■ **Given records**
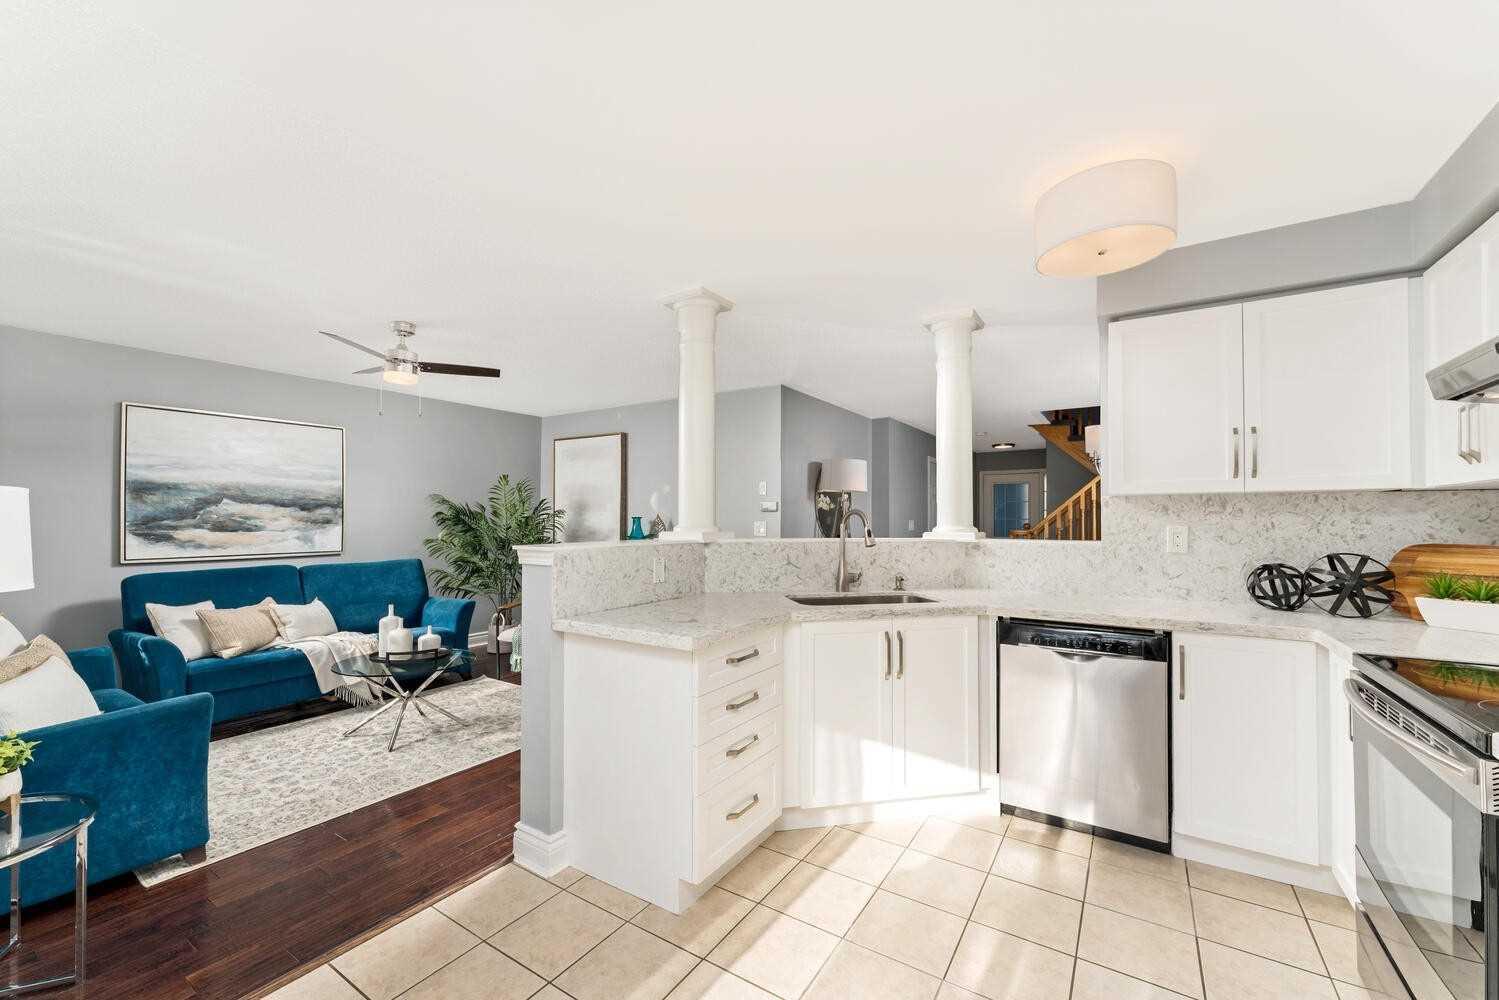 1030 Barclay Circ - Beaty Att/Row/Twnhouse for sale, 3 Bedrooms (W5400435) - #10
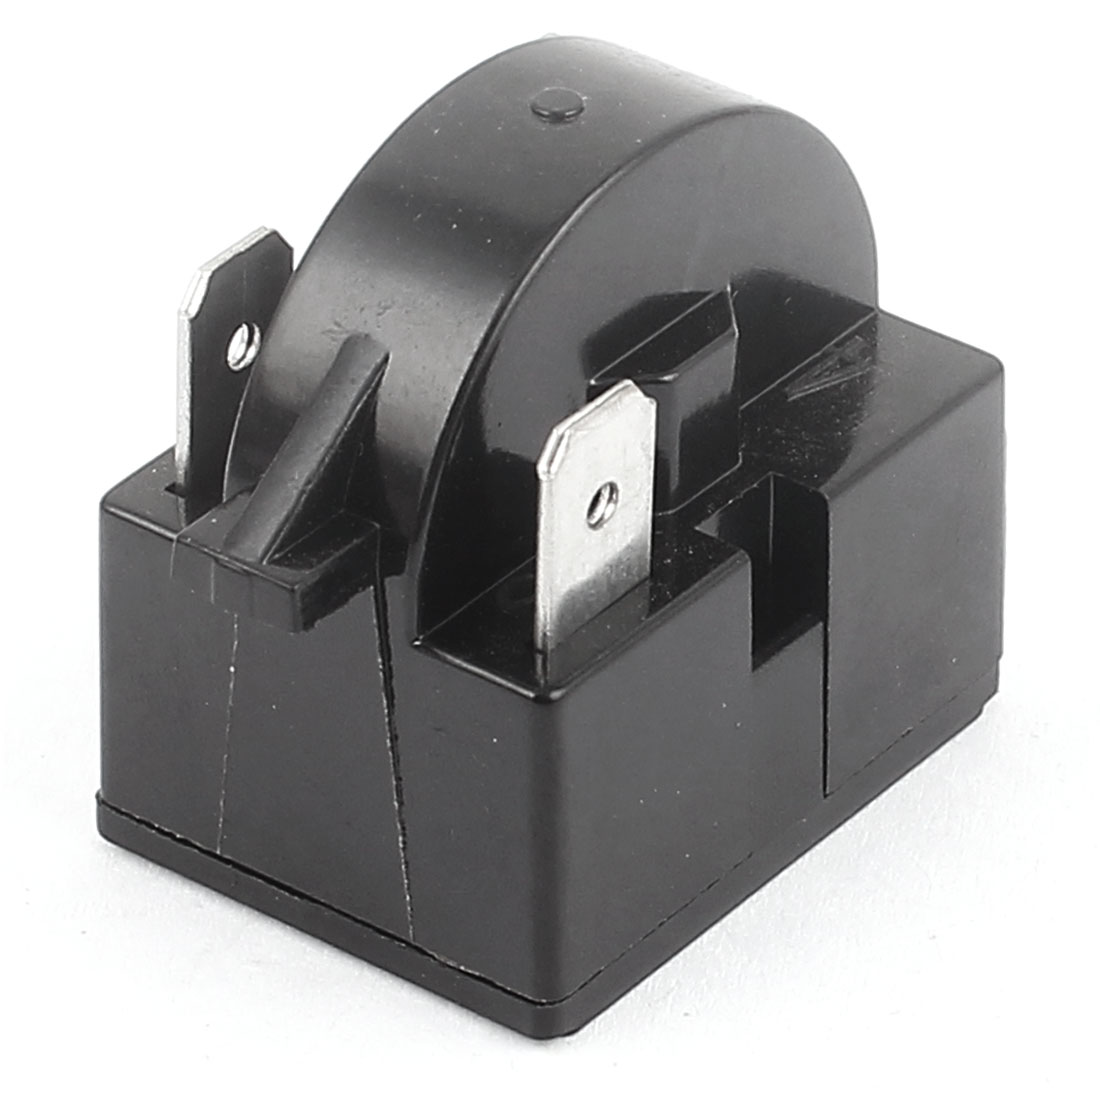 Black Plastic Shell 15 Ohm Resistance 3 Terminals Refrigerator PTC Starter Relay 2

...

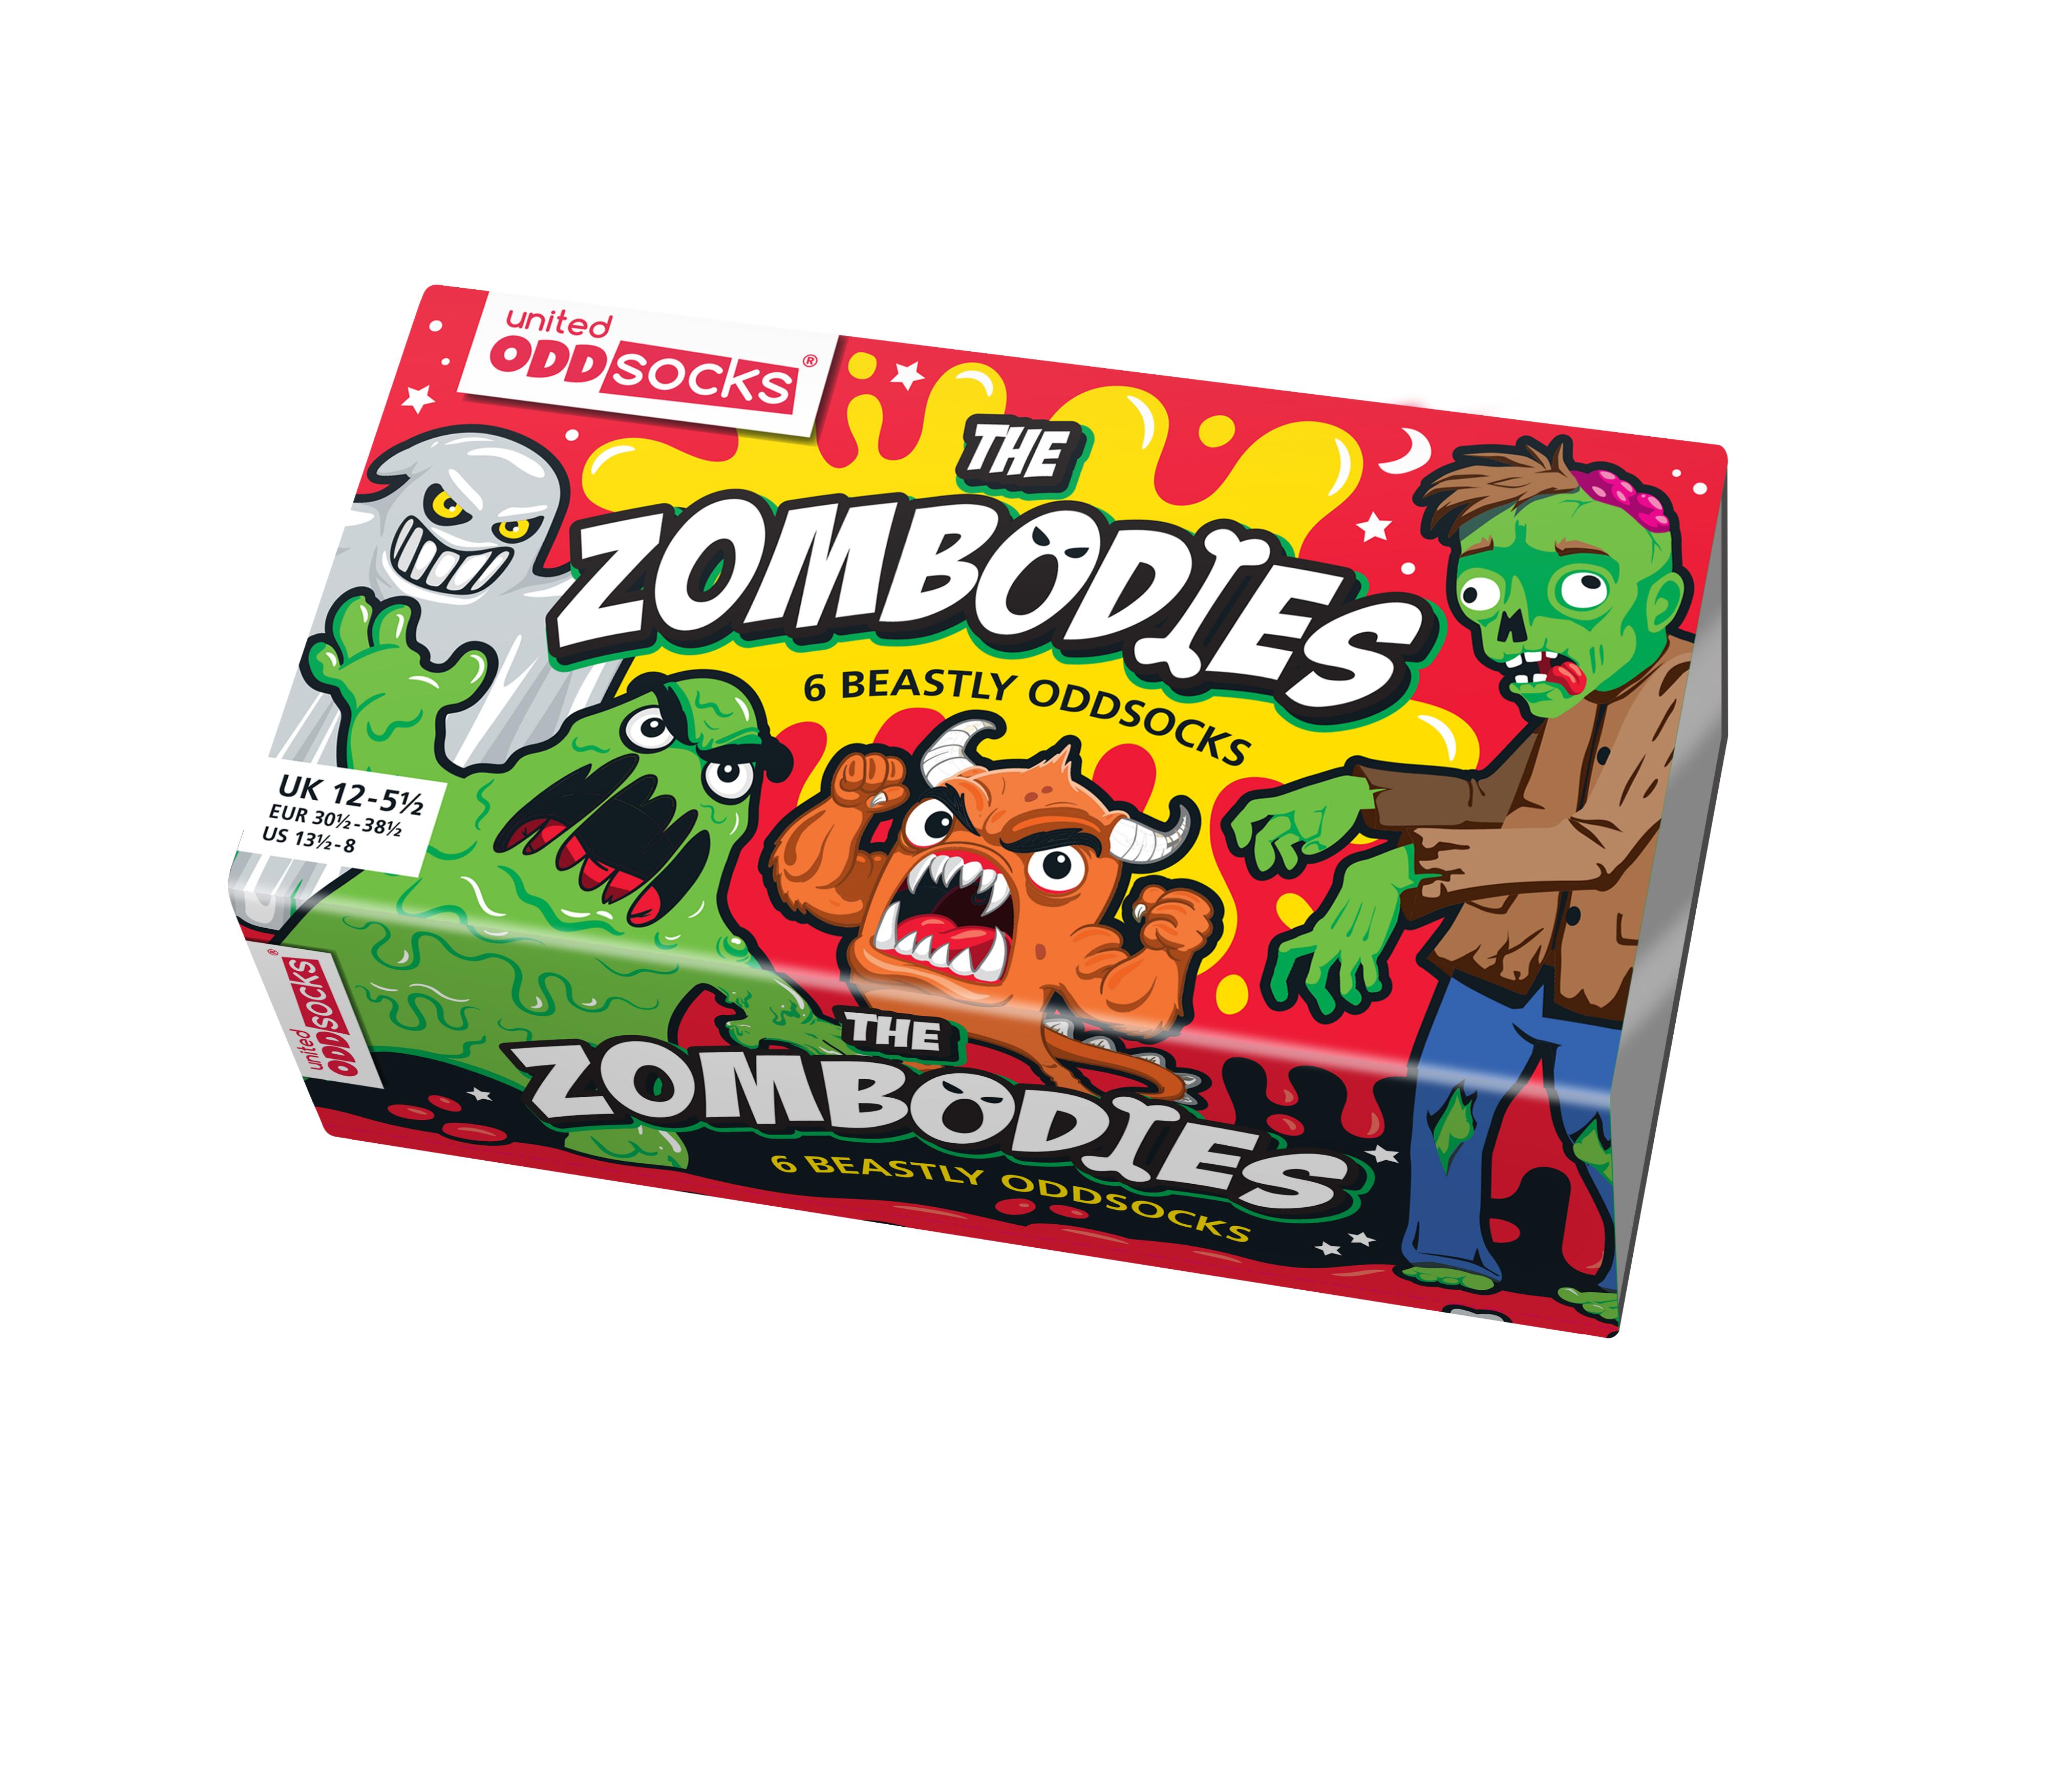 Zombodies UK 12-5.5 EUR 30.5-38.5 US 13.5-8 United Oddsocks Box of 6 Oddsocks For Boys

■ **How to complete this task**
The answer should consist only of the lines above from the one with "1030 Barclay Circ" through the one with "Black Plastic Shell", repeated exactly, with no pictures among them.

■ **Your response**
 1030 Barclay Circ - Beaty Att/Row/Twnhouse for sale, 3 Bedrooms (W5400435) - #10
 Black Plastic Shell 15 Ohm Resistance 3 Terminals Refrigerator PTC Starter Relay 2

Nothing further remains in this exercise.